SuaraSumedang.id – The Rings of Power sendiri tidak berdasar pada satu novel secara spesifik, tetapi berbasis dari lampiran-lampiran yang disusun oleh J.R.R Tolkien.
Sebelumnya, pada tahun 2000, telah ditampilkan trilogi film The Lord of The Rings.
Penikmat film fantasi pasti sudah tidak asing dengan serial baru bertajuk The Lord of The Rings: The Rings of Power yang akan tayang pada Jumat (2/9/2022).
Diketahui, The Rings of Power terjadi jauh sebelum adanya kejadian The Lord of the Rings. Serial fantasi tersebut mengisahkan zaman kedua di sebuah dunia bernama Bumi Tengah.
Kehidupan abadi para elf atau peri berlangsung selama berabad-abad di Dunia Tengah. Para penggemar Tolkien tentu saja akan mengetahui karakter lain dengan nama karena mereka dirujuk dalam buku-bukunya, terkhusus dalam lampiran The Return of The King yang menguraikan peristiwa di Zaman Kedua.
Serial fantasi ini dapat disaksikan melalui layanan streaming Amazon Prime Video, agar penonton menikmati kualitasnya.
Diketahui, serial fantasi ini terinspirasi dari novel populer karangan J. R. R Tolkien dan akan menjadi prekuel dari trilogi The Lord of the Rings.
Sejumlah bintang aktor dan aktris ternama turut memeriahkan serial yang berjumlah delapan episode ini.
Para bintang ini antara lain seperti Cynthia Addai Robinson, Robert Aramayo, Owain Arthur, Maxim Baldry, Nazanin Boniadi, Morfydd Clark, Markella Kavanagh, Joseph Males dan Ismael Cruz Cordova.
Kisah tersebut bertepatan setelah perang melawan Morgoth atau Melkor, seorang penguasa kegelapan pertama. Untuk memahami ceritanya, tentu saja perlu diketahui terlebih dahulu pemain utama Zaman Kedua. Dari hal tersebut, beberapa karakter akan sangat familiar.
Seperti dilansir dari Suara.com Sabtu (03/09/2022), simak setiap karakter Rings of Power dan peran mereka berikut ini demi memahami cerita tersebut.
Celebrimbor (Charles Edwards)
Pembaca dan penggemar video game Shadow of War dan Shadow of Mordor yang populer akan mengenali Celebrimbor sebagai peri pandai besi yang ditipu untuk menempa cincin kekuasaan oleh Sauron yang menyamar.
Pertunjukan itu benar-benar bergantung pada ciptaannya. Jadi ketika Celebrimbor muncul di episode awal Rings of Power dan berbicara dengan penuh kerinduan tentang keinginan untuk membuat objek yang kuat, kata-kata itu sarat dengan ironi dramatis.
Isildur (Maxim Baldry)
Isildur adalah orang yang berhasil memotong satu cincin dari jari Sauron. Tapi dia gagal menghancurkan cincin itu sendiri. Kegagalan itu memungkinkan Sauron untuk bangkit kembali di Zaman Ketiga saat Lord of the Rings berlangsung.
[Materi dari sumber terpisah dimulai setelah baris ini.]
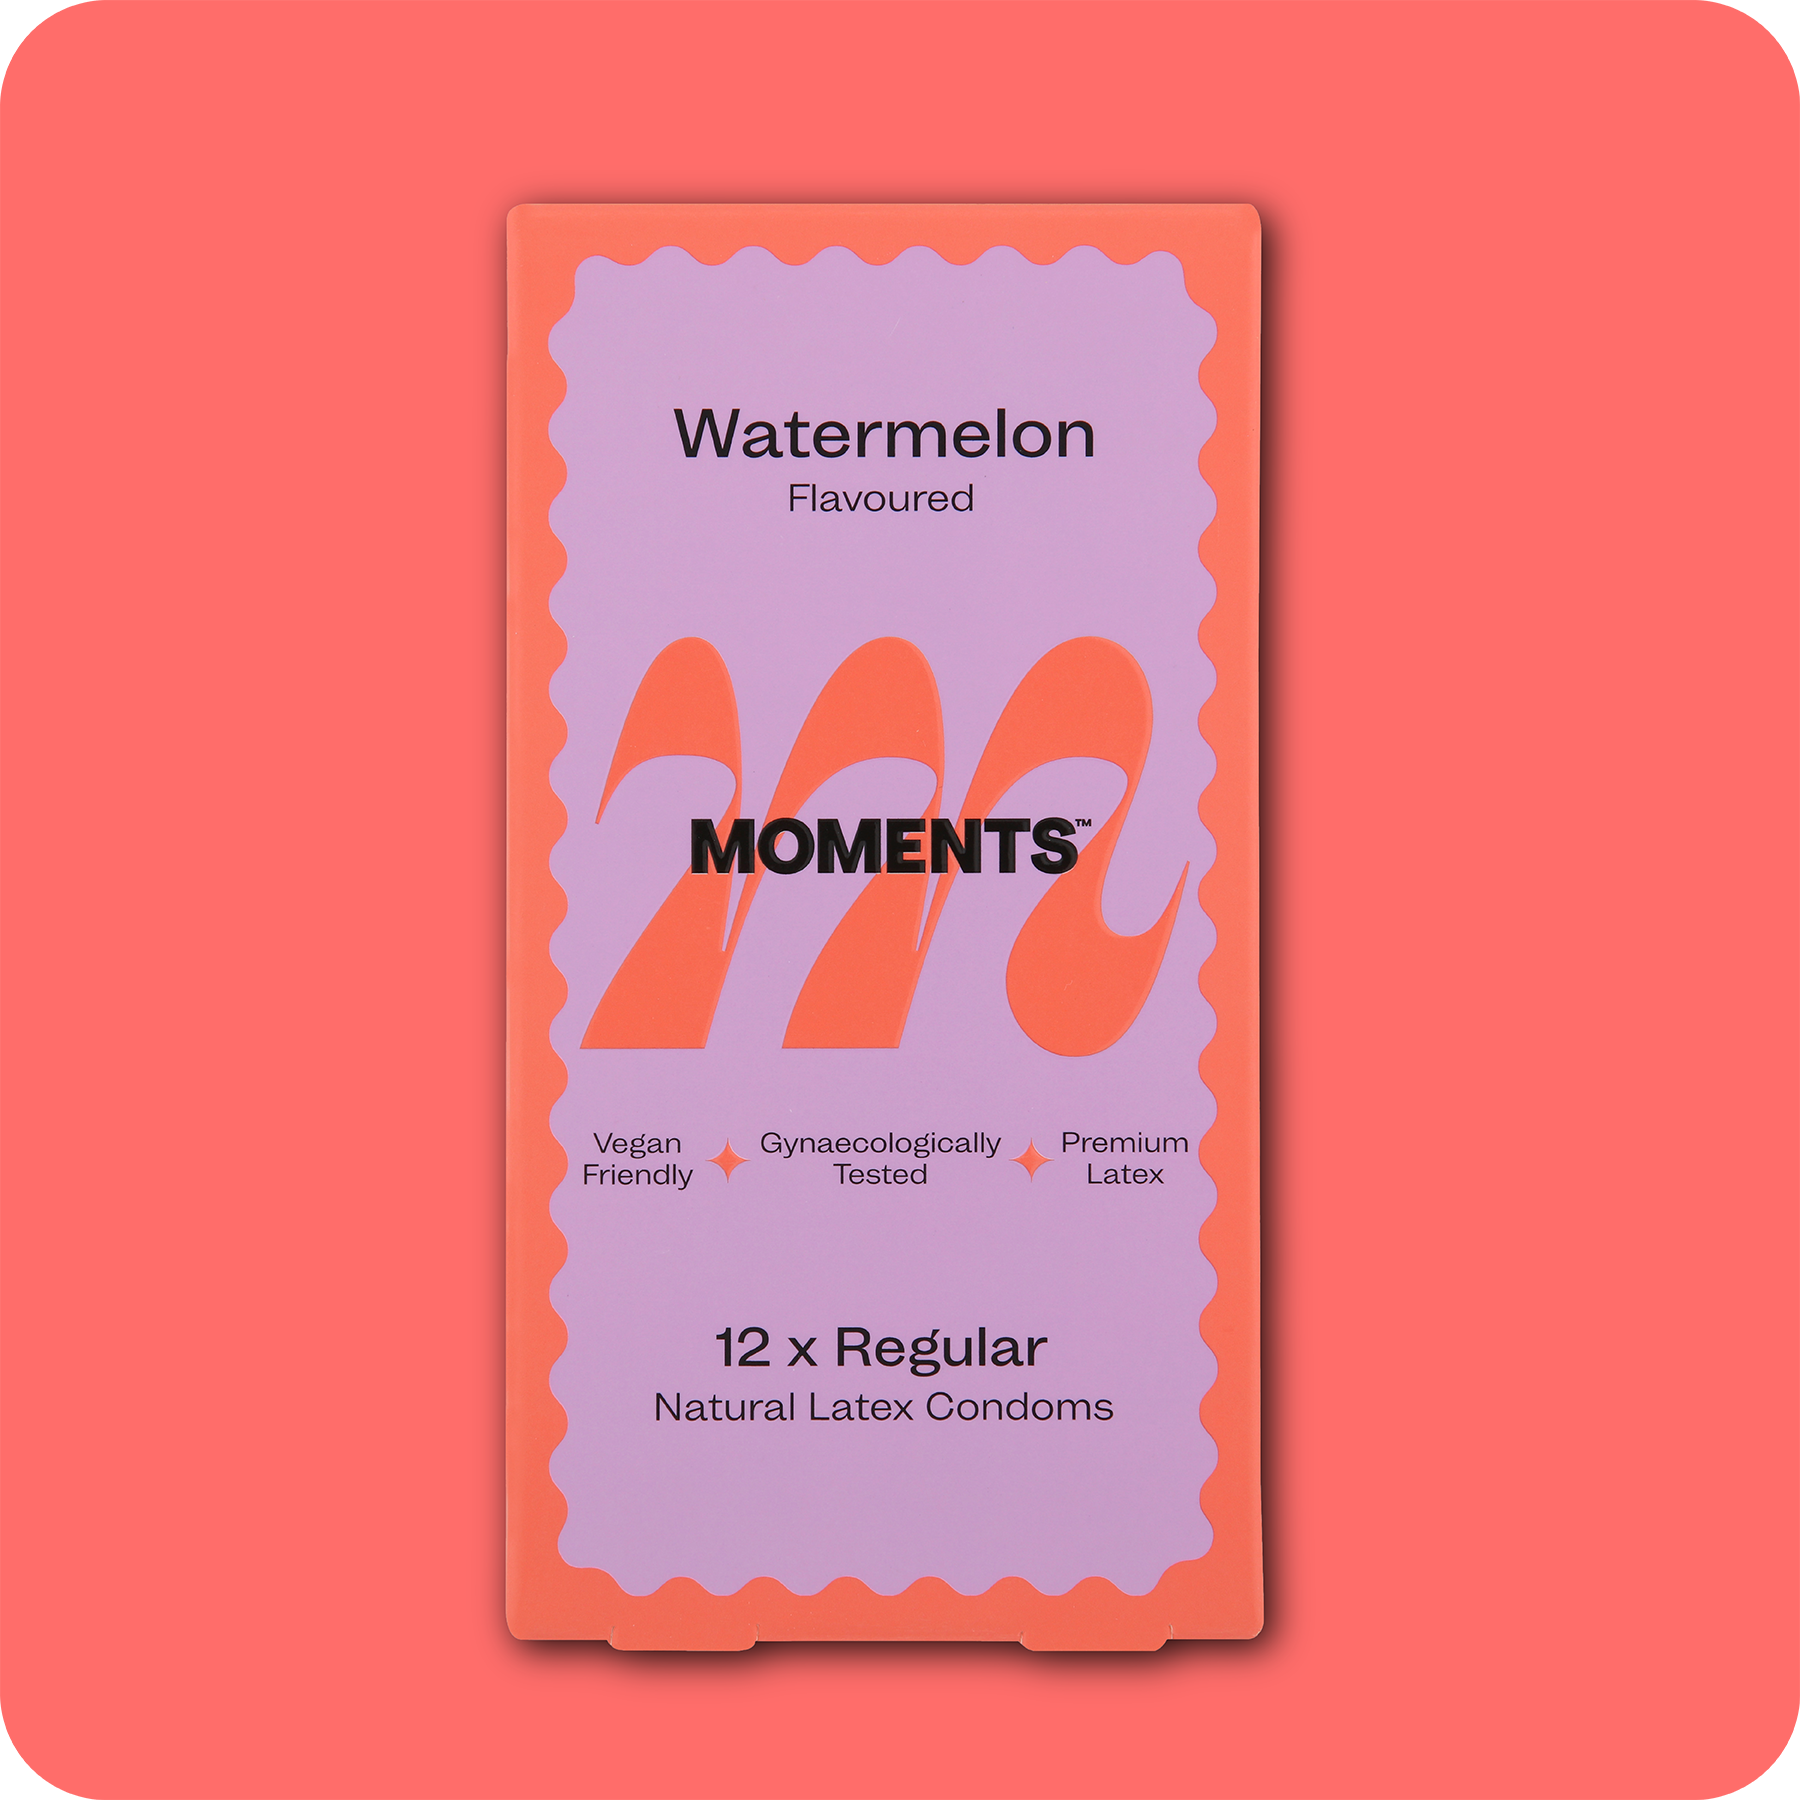 Moments Watermelon flavoured condom displayed on a pink surface

Dalam film, Aragorn, seorang keturunan Isildur, khawatir bahwa dia, seperti leluhurnya, akan mengkhianati kelemahan manusianya saat berperang melawan kejahatan besar.
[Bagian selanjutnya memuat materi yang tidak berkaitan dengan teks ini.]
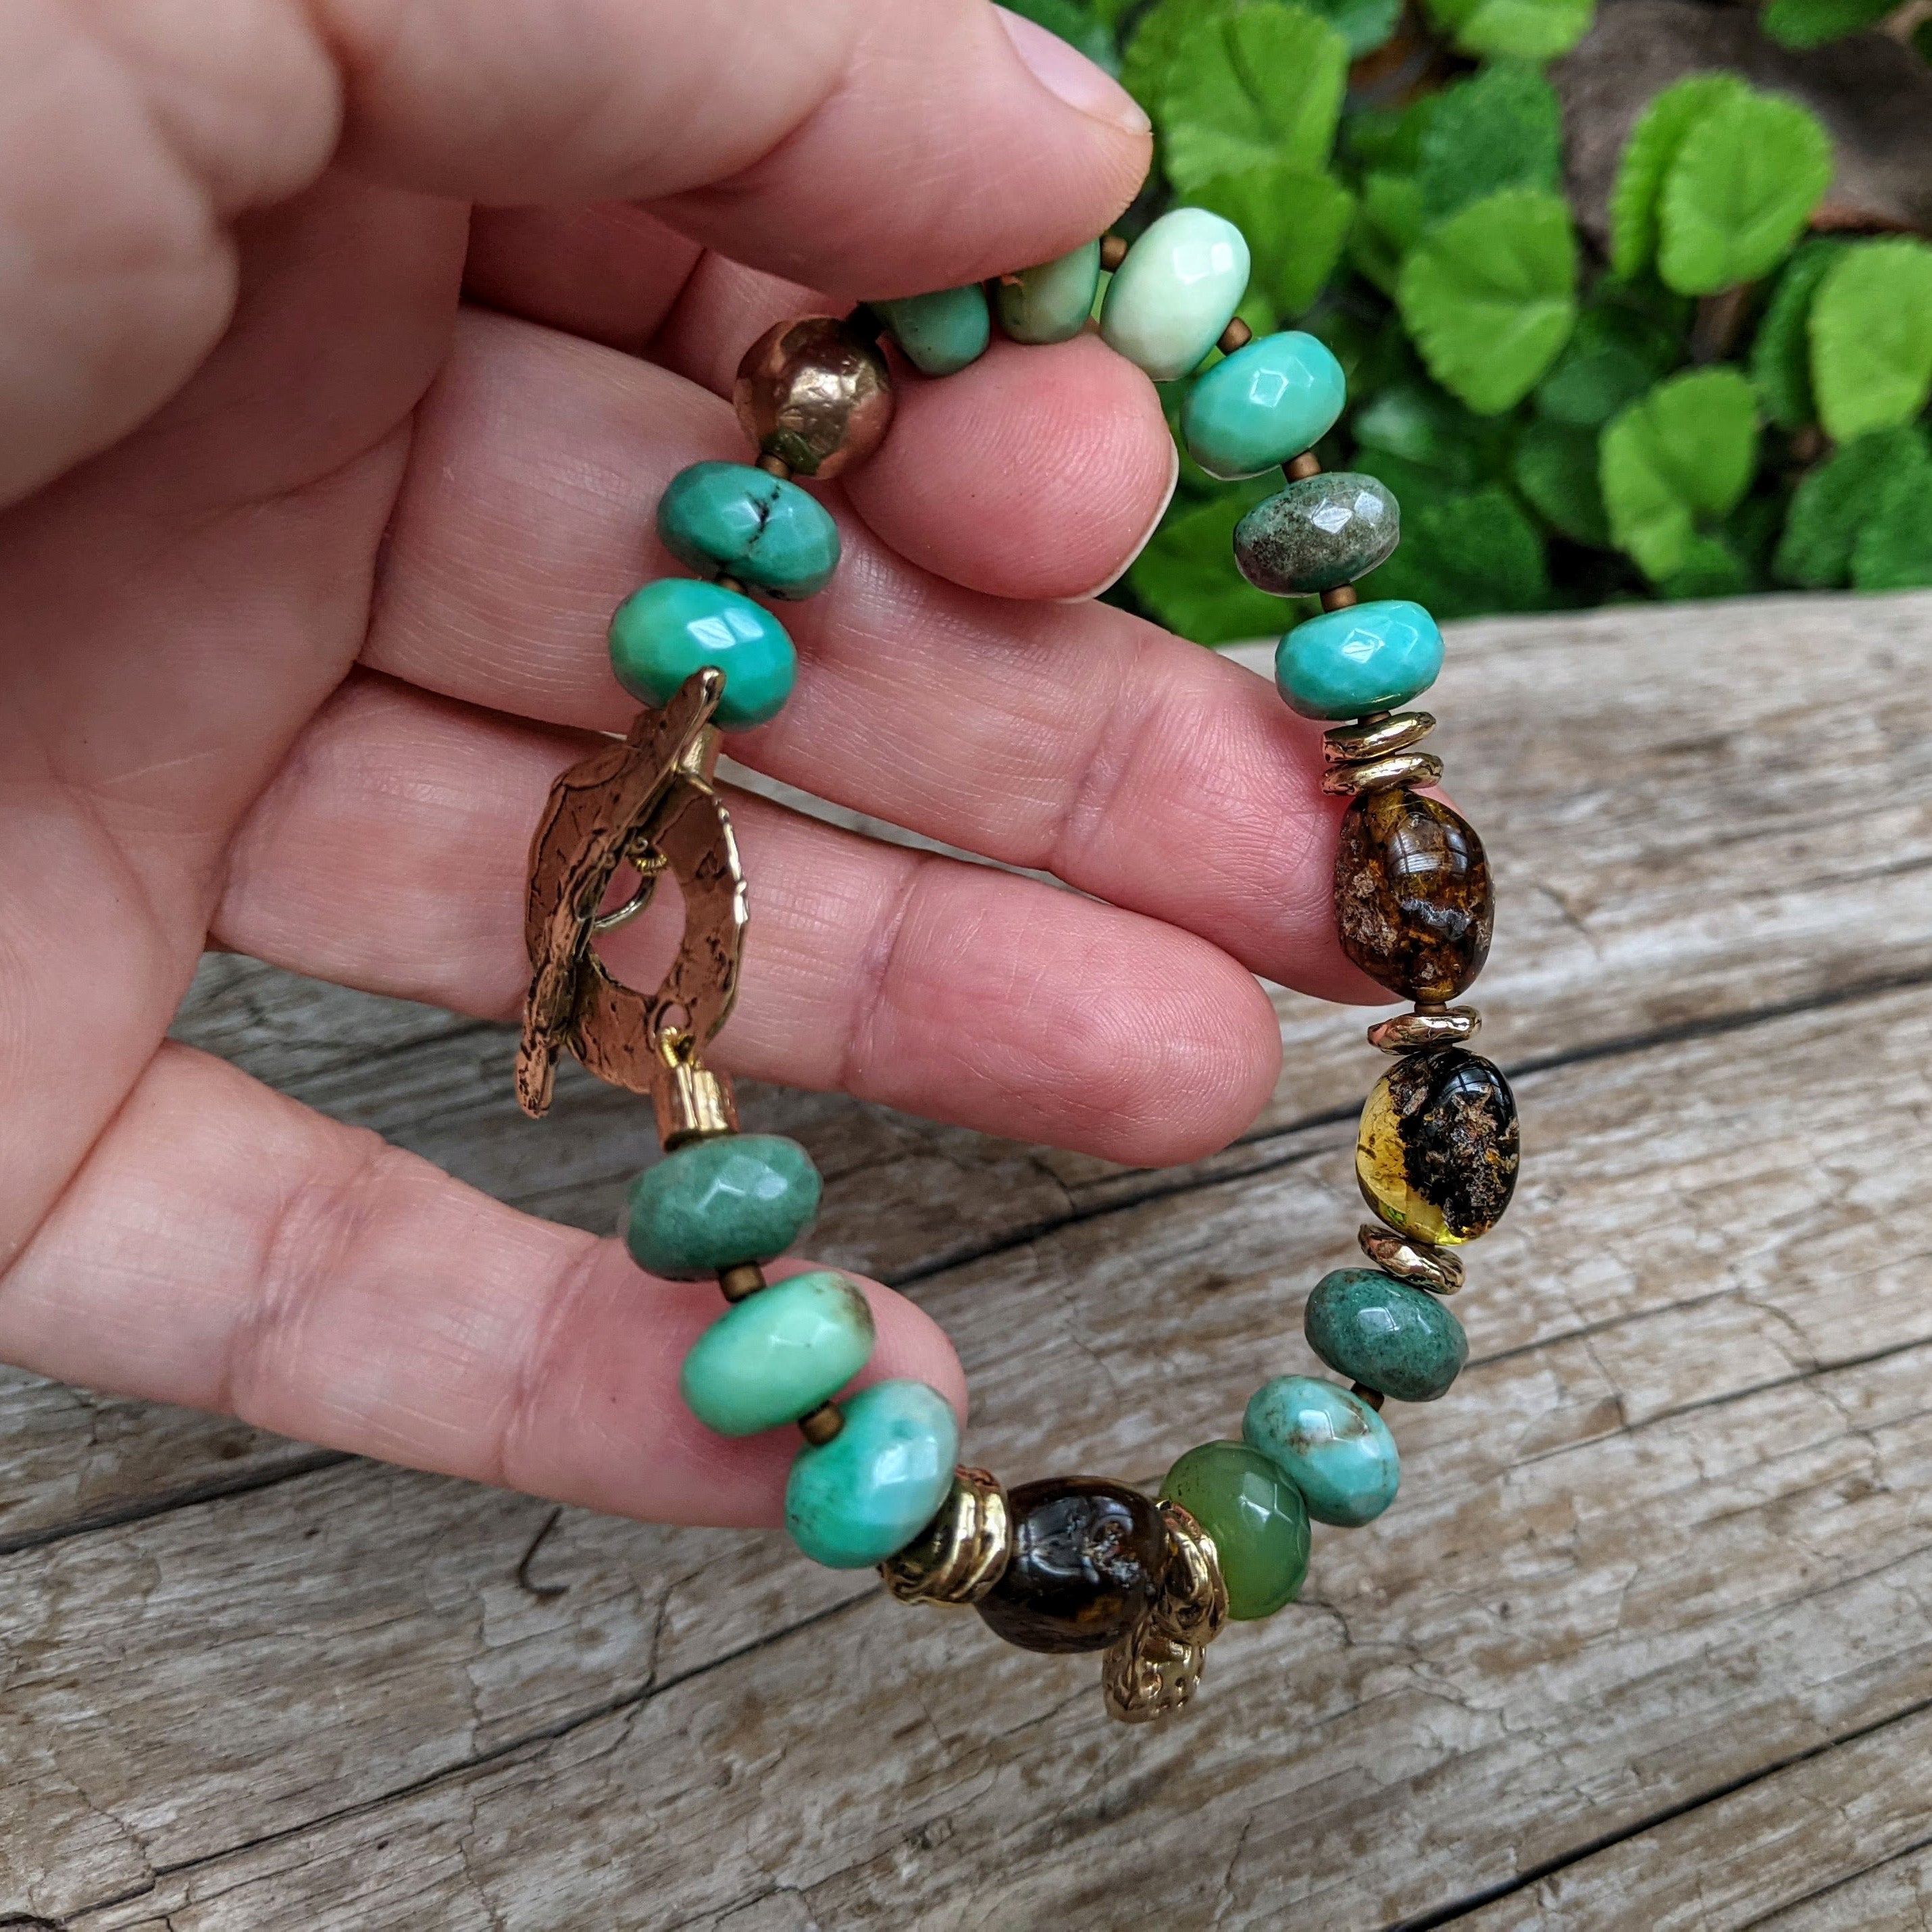 Grass green chrysoprase artisan bracelet with raw Baltic amber and gold bronze heart charm. Organic, rustic, handmade bracelet. Handcrafted by Aurora Creative Jewellery.

Tapi sementara kisah Isildur adalah sebuah tragedi, ia juga mencapai beberapa hal baik. Ia mendirikan dan memerintah Gondor bersama saudaranya Anárion.
Dia membantu bersama ayahnya dan Gil-Galad, memimpin perang melawan Sauron. Ketika kita bertemu dengannya di acara itu, dia hanyalah seorang pelaut, belum menjadi pemimpin manusia.
Elendil (Lloyd Owen)
Ayah Isildur, Elendil, memainkan peran penting dalam perang melawan Sauron. Namanya secara harfiah diterjemahkan menjadi "Teman Elf," dan dia memang membentuk aliansi penting dengan para elf untuk menghentikan kejahatan besar menyebar melalui Middle-earth.
Ketika kita bertemu dengannya di serial itu, dia menjadi kapten kapal dan mencoba mengatur emosi anak-anaknya yang sudah dewasa.
Prince Durin IV (Owain Arthur)
Ayah Durin, Raja Durin III, memerintah kerajaan Kurcaci Khazad-dm. Anda mungkin ingat Gandalf menghadapi Balrog di tambang Khazad-dûm yang hancur (kemudian dikenal sebagai Moria) menjelang akhir Fellowship of the Ring.
Tetapi selama Zaman Kedua kerajaan bawah tanah berkembang, berkat kekayaan yang tersembunyi di gunung tempat para kurcaci tinggal.